Diğer yandan bu vergilendirme sistemi baştan aşağı değişmeli. Vergi sistemini eşit değil adil bir düzene oturtmak artık hayati bir öneme sahip. Zenginden alınan vergi ile fakir ve orta gelirliden alınan verginin aynı olması adalet değildir. Adalet hak edene hak ettiğini vermek, hak ettiği kadarını almaktır. Uygulanan vergi sistemi “eşitlik” adı altında adaletsizliği doğuruyor.

Bunların ötesinde ise devletin denetleme mekanizması çok zayıf…

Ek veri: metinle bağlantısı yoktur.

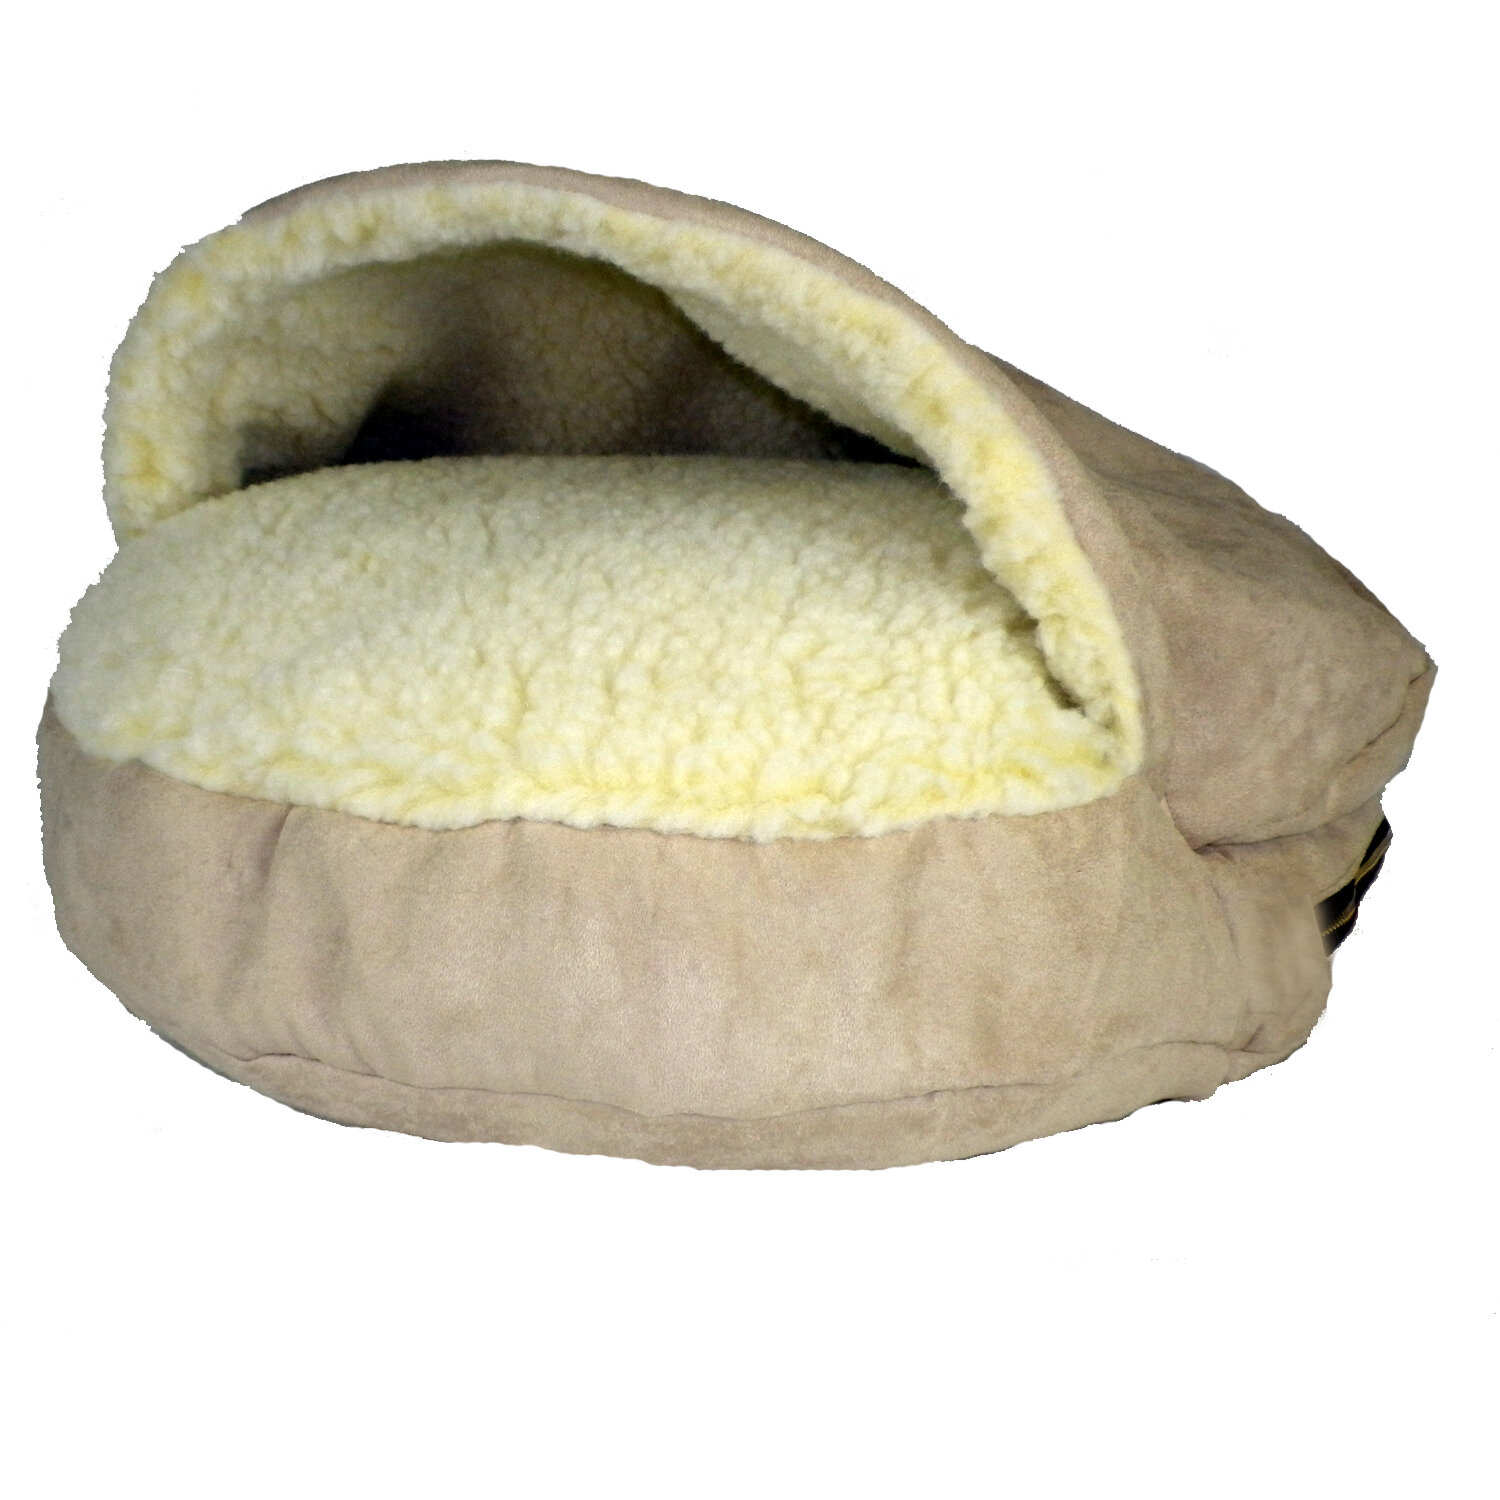 Coffee Csatai Dog Cave Bed,Pet Nest Dog Bed Cave Winter Warm Cashmere 64cm Large Sleeping Bag Pet Supplies Universal Detachable Washable House for Big Dog Cat Puppy Rabbit

Türkiye dünyadaki birçok ülkeden daha zengin güçlü ve sosyal devlet söyleminin hakkını veren bir ülke. Fakat denetleme ve kontrol mekanizması zayıf. Tarladan üreticisinin 3 liraya sattığı bir ürün tüketiciye nasıl 20 liraya gelir bunun izahını yapabilecek kimse var mı? Bunu gören üretici neden üretsin? Komisyoncuların üreticiden daha fazla para kazandığı yerde insan neden üretim zahmetine katlansın?

Verilen teşviklerin, hibelerin kontrolü nasıl sağlıklı şekilde yapılamaz?

Boş görünen 400 bin daire- ev olduğu yazılmıştı geçtiğimiz günlerde. Ya kirayı elden alıp vergiden kaçırılıyor yahut özellikle kira fiyatlarını artırmak için böyle bir şey yapanlar var. İki türlü de suç.

İkinci el araç fiyatının sıfır araç fiyatından daha fazla olması normal mi? Piyasadan araba toplayıp fiyatları yükseltenler tespit edilemez mi? Yahut alış satış fiyatının kontrolü yapılamaz mı?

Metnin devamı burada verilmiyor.